ASSIGNMENT
The whole listing, exactly as given: write it out, leaving out each image.

MATERIAL PROVIDED
◇ ◇ ◇ ◇ ◇ ◇ ◇
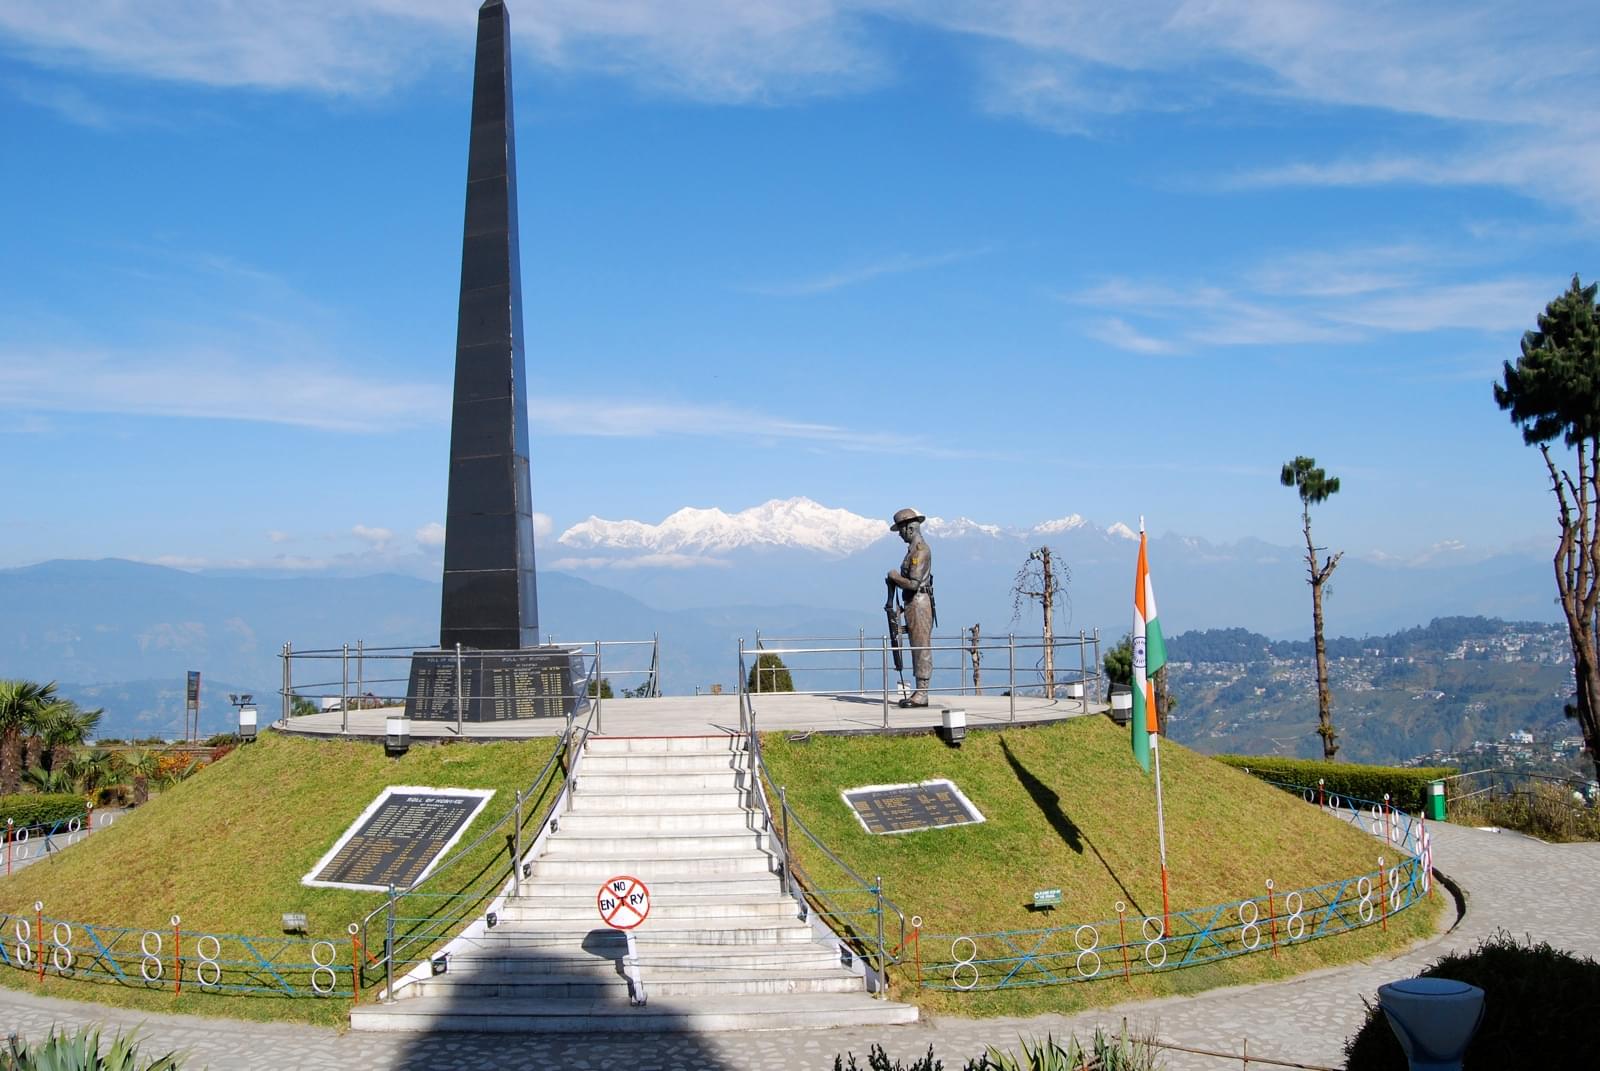 Pay your respects to the martyrs at the War Memorial
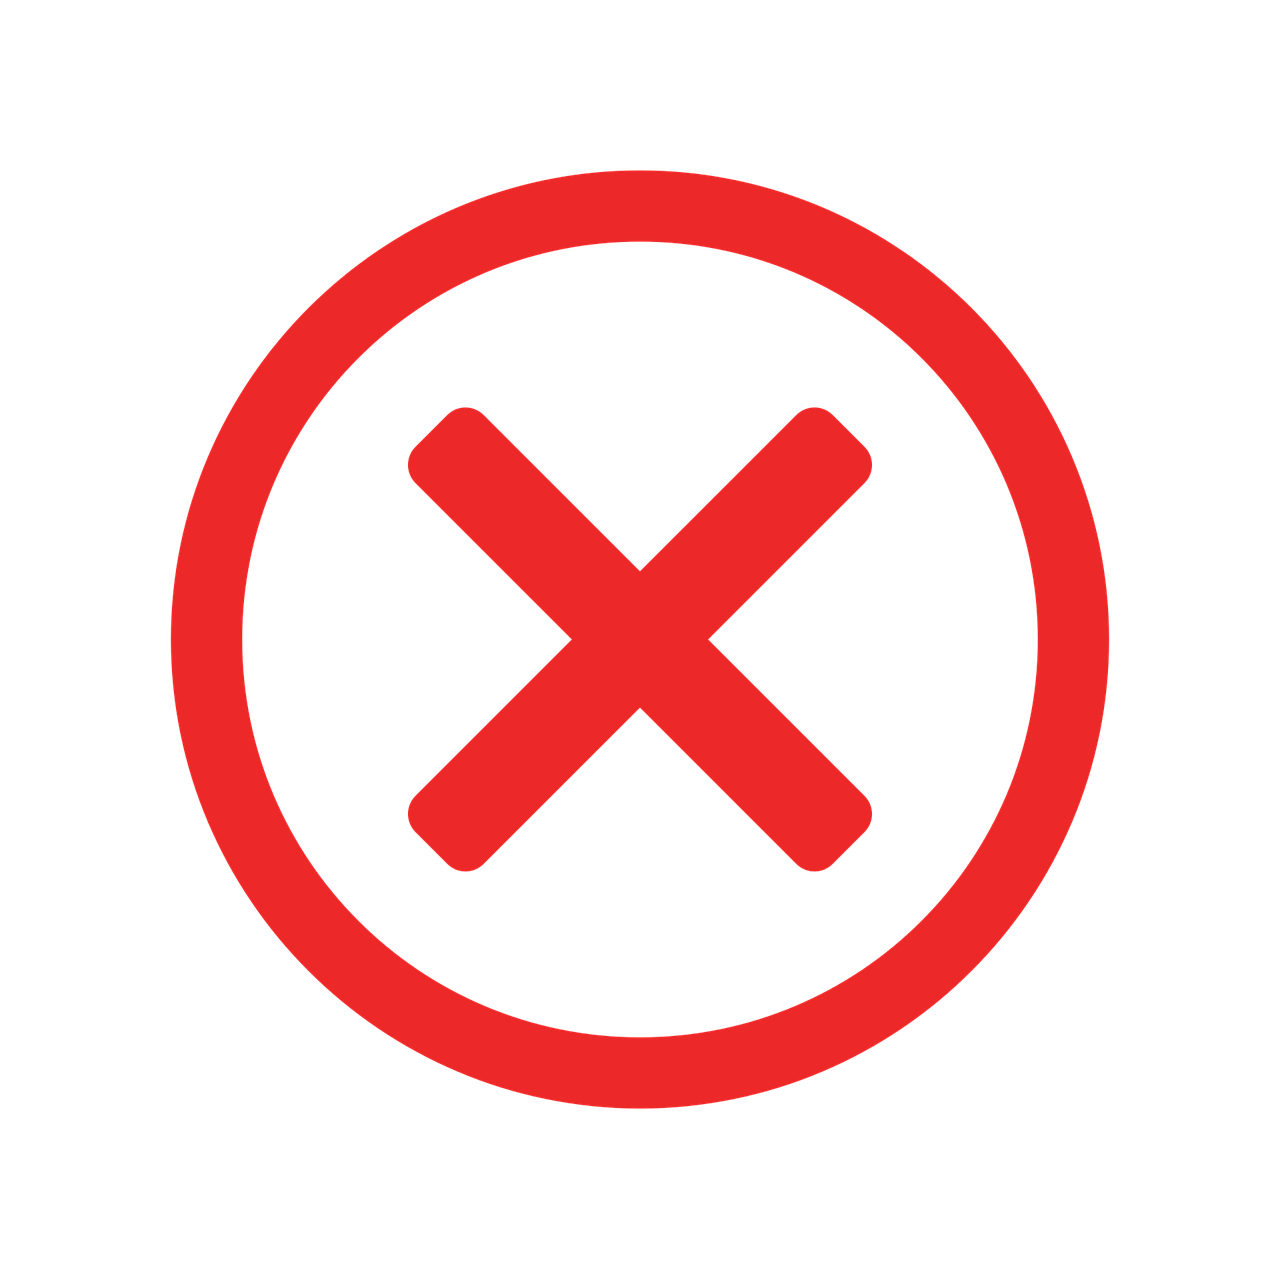 a red crossed sign on a black background, by Andrei Kolkoutine, excessivism, black circle, error, app icon, no nose
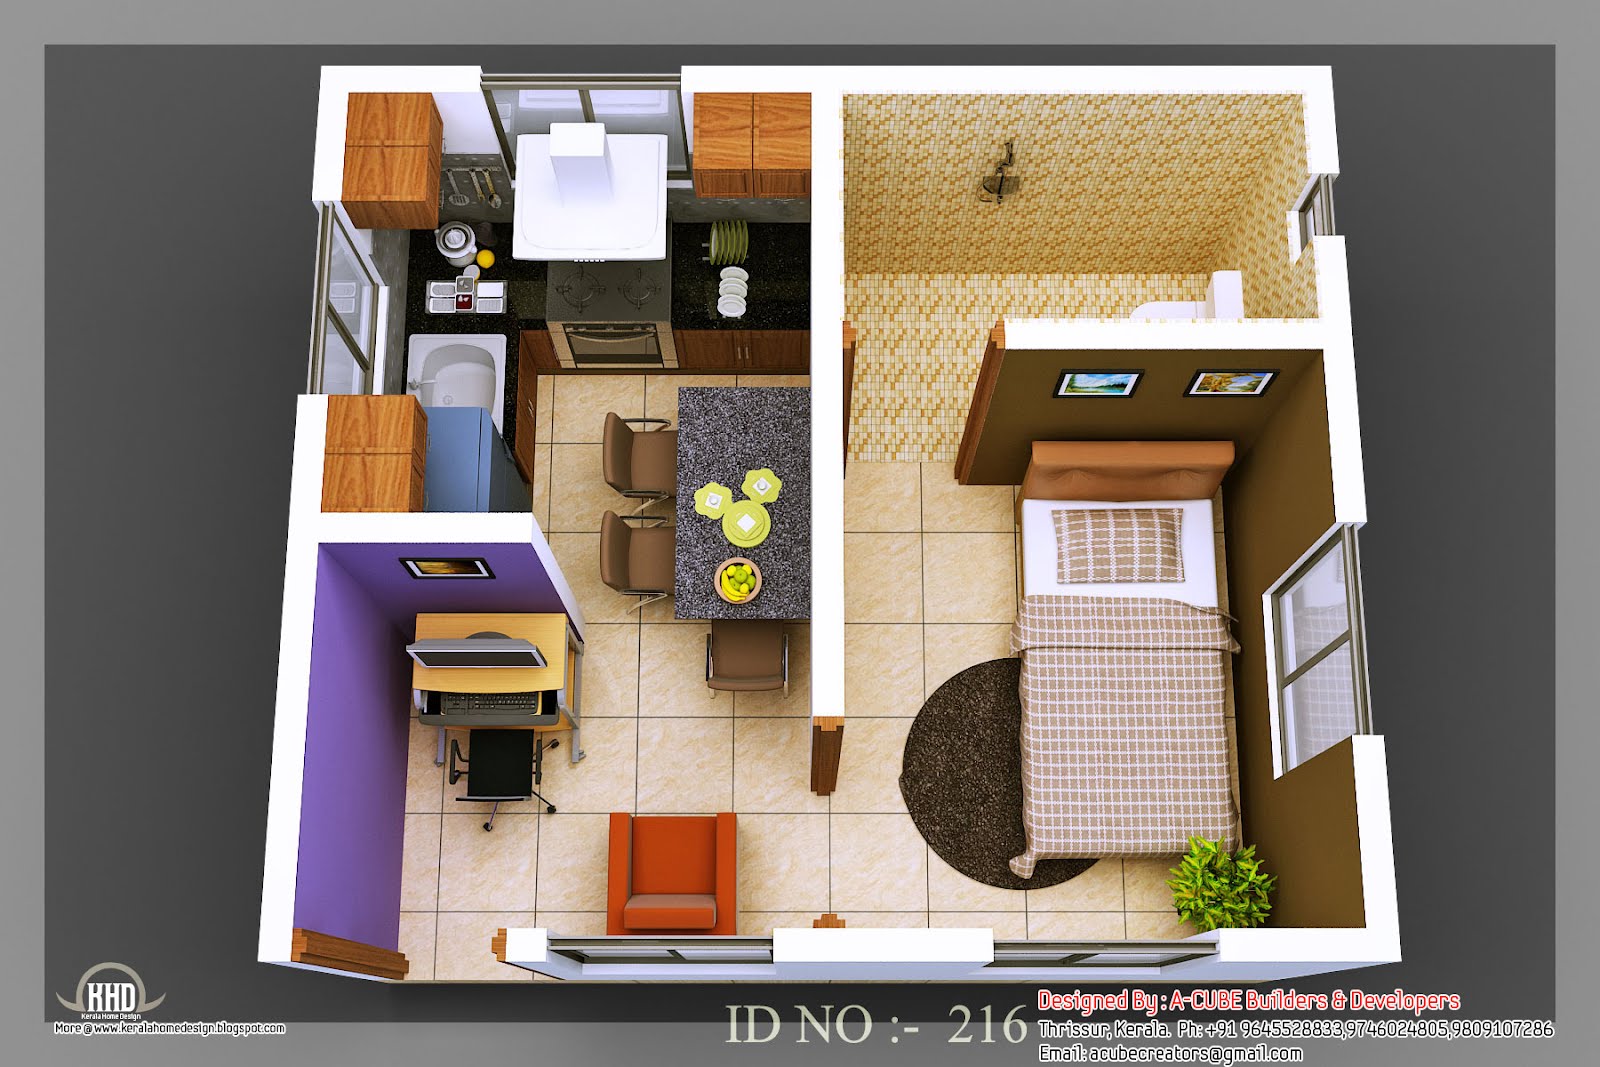  3D  isometric views  of small house  plans  Kerala Home  Decor
◇ ◇ ◇ ◇ ◇ ◇ ◇
OUTPUT FOR THIS TASK
 Pay your respects to the martyrs at the War Memorial
 a red crossed sign on a black background, by Andrei Kolkoutine, excessivism, black circle, error, app icon, no nose
  3D  isometric views  of small house  plans  Kerala Home  Decor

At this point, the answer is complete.